Namun, hal itu menggambarkan hal yang sangat penting. Pada penyakit pertumbuhan yang tidak terkendali, penyumbatan salah satu sensor nutrisi mampu memperlambat pertumbuhan yang tidak diinginkan ini. Tetapi, apa yang umumnya tidak dikenali adalah bahwa tidak masuk akal untuk mematikan hanya satu dari setidaknya 3 sensor nutrisi yang berbeda. Pemblokiran mTOR secara farmakologis tidak melakukan apapun untuk menurunkan insulin atau meningkatkan SIRT1. Ternyata Sirtuins berperan dalam kesehatan ginjal Sirtuins play a role in kidney health, meski efeknya masih banyak diteliti.

 Oleh karena itu, ini membawa kemungkinan yang menarik. Alih-alih mencoba menghalangi sensor nutrisi, mengapa tidak hanya membatasi semua nutrisi, sehingga secara alami menurunkan rangsangan ke sensor.

 Hal ini secara simultan akan menurunkan insulin dan mTOR sambil meningkatkan SIRT1. Bukankah jauh lebih efektif bekerja pada semua sensor nutrisi untuk mengurangi pertumbuhan, bukan satu per satu?

Sumber Gambar

Bagaimana dengan penggunaan puasa terapeutik untuk pengobatan PCKD/ therapeutic fasting for the treatment of PCKD? Ini harus menjadi strategi yang jauh lebih kuat untuk mengurangi pertumbuhan yang tidak diinginkan.

Penelitian pada hewan menunjukkan bahwa ini dapat dilakukan dengan sukses/ animal studies show that this could be done successfully. Pada tikus, mereka menggunakan pembatasan kalori yang mengurangi asupan 30-50%. Benar saja, pertumbuhan kista ginjal terhambat. Sementara penerapannya pada manusia tidak diketahui dan mekanisme molekuler yang tepat tidak diketahui, namun demikian menunjukkan strategi terapeutik yang menggiurkan untuk PCKD, namun akibatnya mungkin akan ada pertumbuhan yang berlebihan (kanker). Mengapa tidak berpuasa saja, yang mana memberi sinyal pada sensor nutrisi bahwa tidak ada makanan yang tersedia? Ini kemudian akan menandakan tubuh untuk memperlambat pertumbuhan yang tidak dibutuhkan (sel kista dan sel kanker). Perawatan ini gratis dan bisa dikerjakan oleh semua orang.

Kemungkinan menarik yang sama ada untuk PCOS. Sudah diketahui bahwa PCOS berhubungan erat dengan resistensi insulin. Seperti yang telah saya bantah berkali-kali, hiperinsulinemia dan resistensi insulin hanyalah satu dan penyakit yang sama. Kadar insulin yang tinggi akan mendorong pertumbuhan sel. Ini adalah penyakit dengan pertumbuhan yang berlebihan, dimana insulin, sebagai sensor nutrisi membuatnya semakin buruk. Pada wanita usia subur, sel yang paling cepat berkembang adalah ovarium, sehingga lingkungan hormonal mendorong pertumbuhan kista ini secara berlebihan di indung telur. Dengan puasa, atau penurunan berat badan lainnya, seperti diet LCHF, misalnya, penurunan insulin membantu menurunkan berat badan, tapi juga membalikkan PCOS dalam banyak kasus.
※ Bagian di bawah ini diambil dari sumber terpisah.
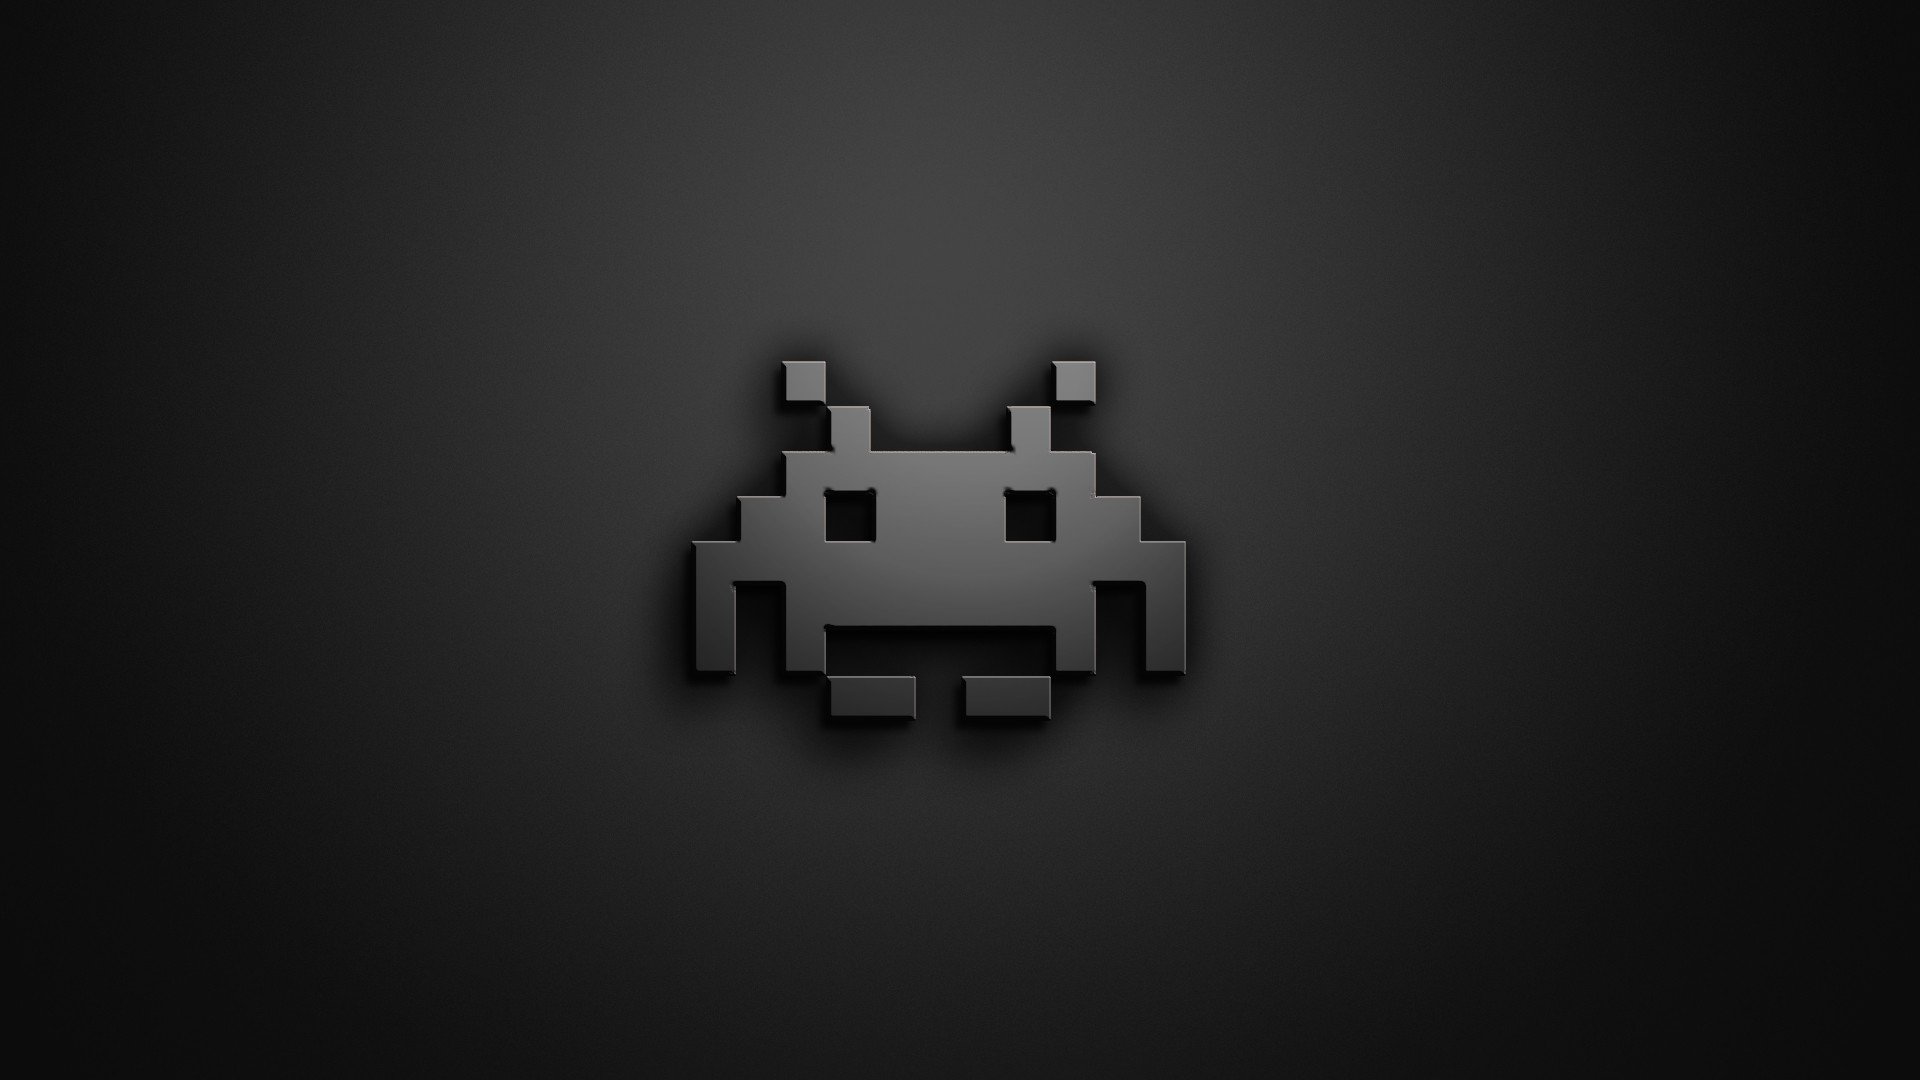 Space Invaders, Retro games, Video games, Monochrome, Simple background ...

Hyperinsulinemia tampaknya meningkatkan efek hormon luteinizing (LH) untuk meningkatkan produksi androgen (testosteron) yang menghasilkan banyak efek klinis PCOS. Selain itu, insulin menurunkan Hormon Binding Globulin (SHBG) yang meningkatkan jumlah testosteron bebas dalam darah yang meningkatkan gejala maskulin (pertumbuhan rambut dll.)

Yang terlihat pada PCOS an interesting hypothesis. Meskipun ini adalah hipotesis yang menarik, hanya ada sedikit data untuk menunjukkan apakah pendekatan ini akan berhasil. Namun, mengingat berpuasa memiliki risiko rendah, rasanya masuk akal untuk mencoba ini, iya nggak sih?